The data below should be printed in full, exactly, and without any of its images.

Recorded data
··········

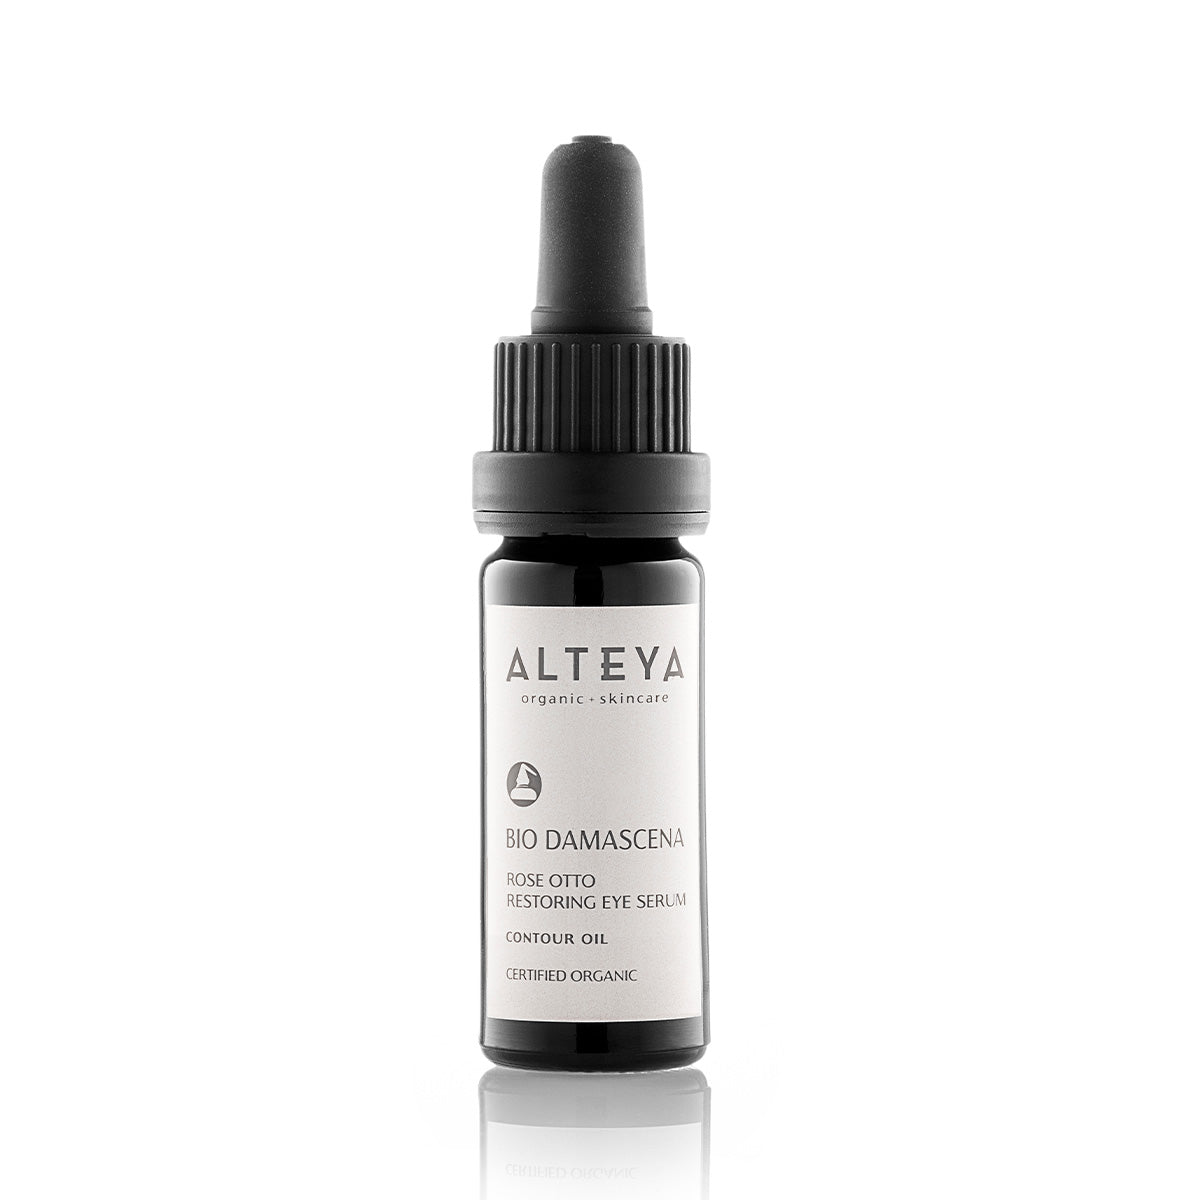 A bottle of Alteya Organics Bio Damascena Rose Otto Restoring Eye Serum, known for its skin-reviving complex, on a white background.
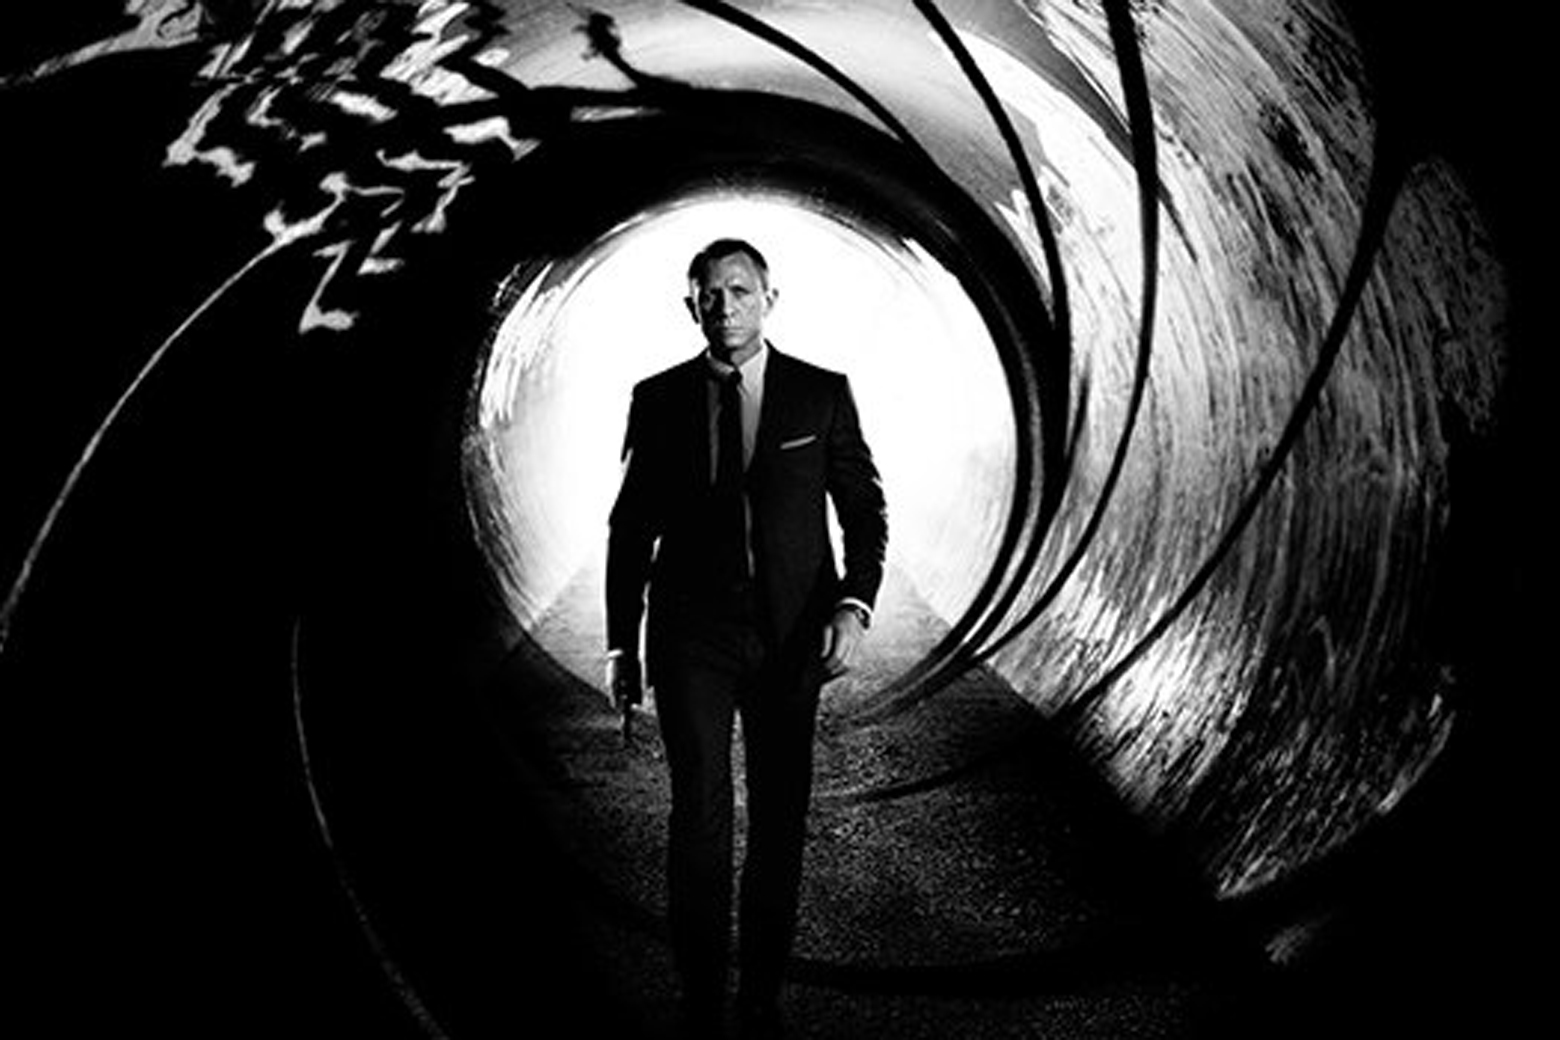 007 spectre full movie dailymotion
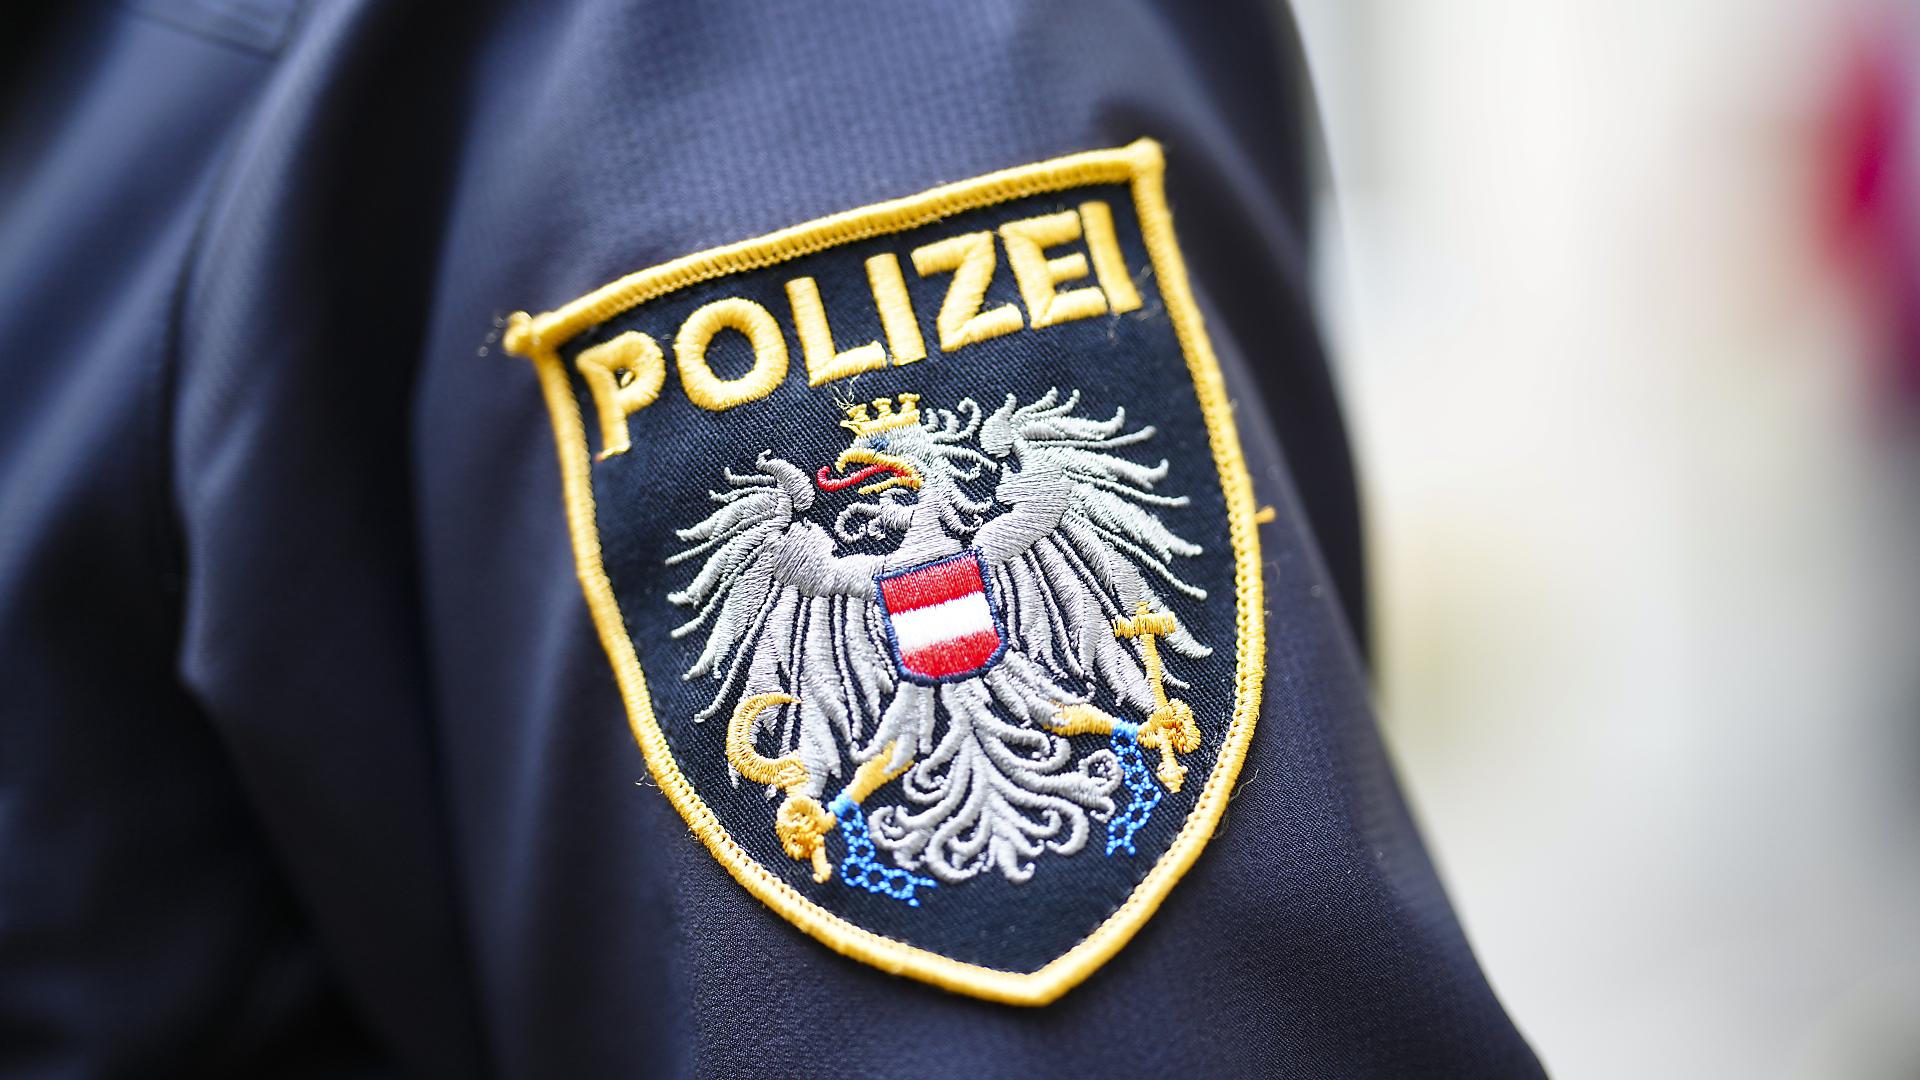 18-Jähriger soll Kellerbrand in Bad Ischl gelegt haben

··········

Exercise output
 A bottle of Alteya Organics Bio Damascena Rose Otto Restoring Eye Serum, known for its skin-reviving complex, on a white background.
 007 spectre full movie dailymotion
 18-Jähriger soll Kellerbrand in Bad Ischl gelegt haben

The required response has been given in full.